Sometimes, the slice of life is the best way to get a point across. As an internet marketing consultant, I do a bit of consulting not only for my clients, but for writers of marketing copy. This slice is what I told a writer I employ:

1. A good intro is light but sharp, like a good appetizer: We all know an intro is fluff – in blog posts, most people use it just to be sure they’re on the right topic. That’s what it’s for, but if it’s too long, drawn out, and elaborate, they’ll think it’s going to be all garnish and no meal, like so much empty marketing or spam, and they’ll quit reading. Make it “punchy fluff“. Don’t say “can be more difficult than anticipated” – say “can be rough”. Punchy fluff is like social niceties – we want the please and thank you but usually don’t need “I greet you with great gratitude, and humbly beg your pardon”. Punchy fluff – instead of “No one can disagree that recent sales comparables are the most important part.” – go with “Recent sales are all-important.” Writers talk about using the “active voice” and being concise – for the rest of us – just don’t put them to sleep at the beginning of the movie.
2. What comes after the intro has to be red meat. A lot of writers I’ve hired can’t deliver the meat – it’s all fluff. Dig down a bit. Go for the details, but don’t show off your knowledge with scholarly details. Knowledge that can’t be acted on is bad marketing. You want blog posts designed to get the client in the door (or on the phone), but give them a way to initiate that conversation with information and their own questions. Pure fluff won’t do that. With business blogging, we’re not publishing for the sake of publishing articles – it’s not a magazine (except when it is) – but you also can’t sell anything unless you give something away – so it’s got to be real information, not just all another way to pitch. Most marketing people don’t get that.
3. The conclusion is an action item. Here’s where you sell it or blow it. The adage for English majors is restate what you’ve stated. That’s great for an informative essay. For marketing copy, the goal is to prompt action, a specific action and one fallback action (always give them a choice), but without it being cheesy like “So call or log on now for the best mortgage options…” You need just one summary sentence in this kind of writing, and then you need to get intimate with the audience a bit, and say something like:
“Get your broker involved in making the decision. I’m available, if you’d like to come in for a consult – call first to make sure I’m not out closing for someone just then. Or call me on the cell to make an appointment, so we can put the big questions to rest and get some numbers on paper for you.”
Adding Woot: Give away solid, valuable information and advice – don’t try to sell absolutely everything – the internet has changed our expectations – you have to give us something for free – fairly consistently. But with that contribution, include a prompt to action (“get your broker involved“), be intimate but not pushy (“I’m available“), provide a choice of on how to proceed “come in for a consult or call for an appointment“. What you’re really selling, to someone reading your blog, is added value.
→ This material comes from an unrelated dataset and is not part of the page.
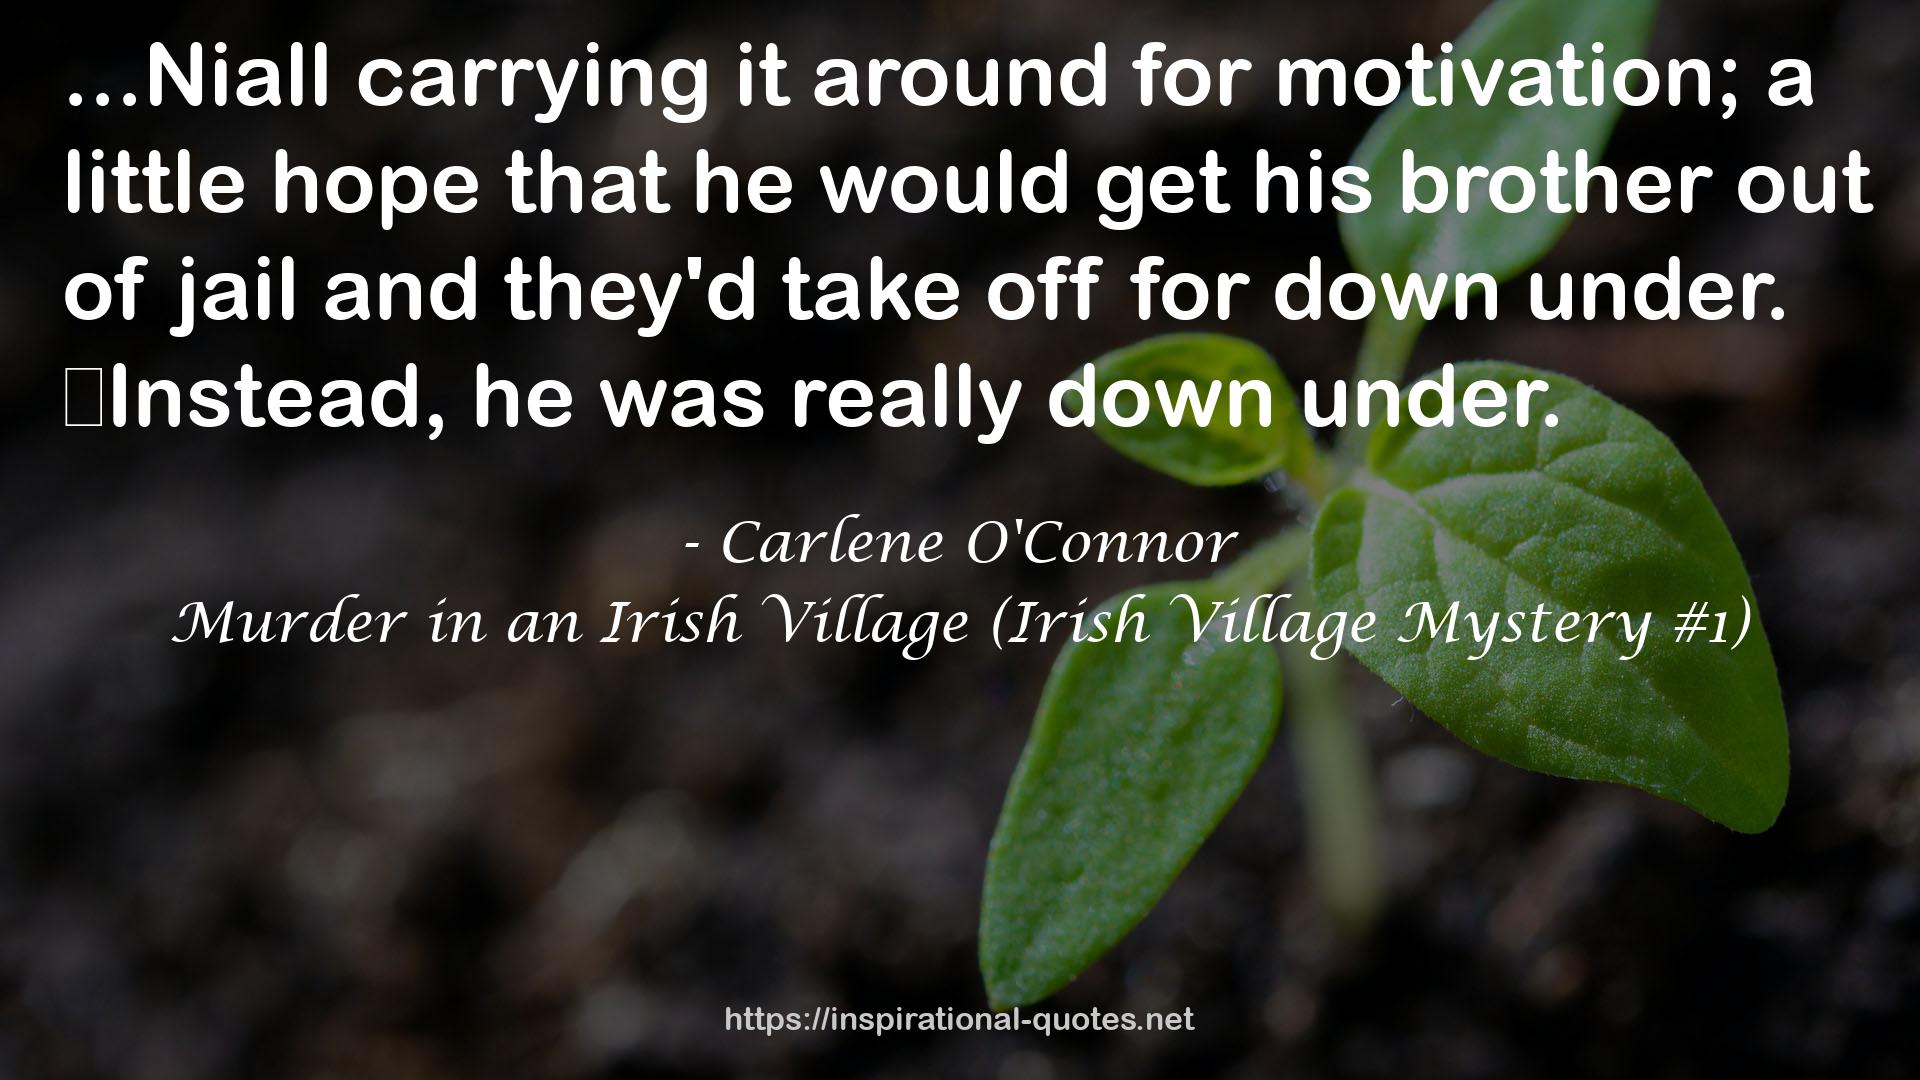 Murder in an Irish Village (Irish Village Mystery #1) QUOTES

Look, most of us are products of adequate or perhaps even good English educations – but those didn’t (not when we were in school) make us effective marketers or bloggers. I was a magazine editor for a number of years before becoming a marketing consultant. I’ve been published a bit (pseudonymously), and I’ve written quite a bit of copy – more than the collective output of some small schools. Political writing, marketing, or fiction – in my experience you tell people they’re getting on a ride, you make the ride worth the admission (worth their time), and then you ask them to connect with you or think or act differently – perhaps even change the world but, at least, to take the next logical step. Write that way, and you can blog your business, your life, or whatever else you’re doing.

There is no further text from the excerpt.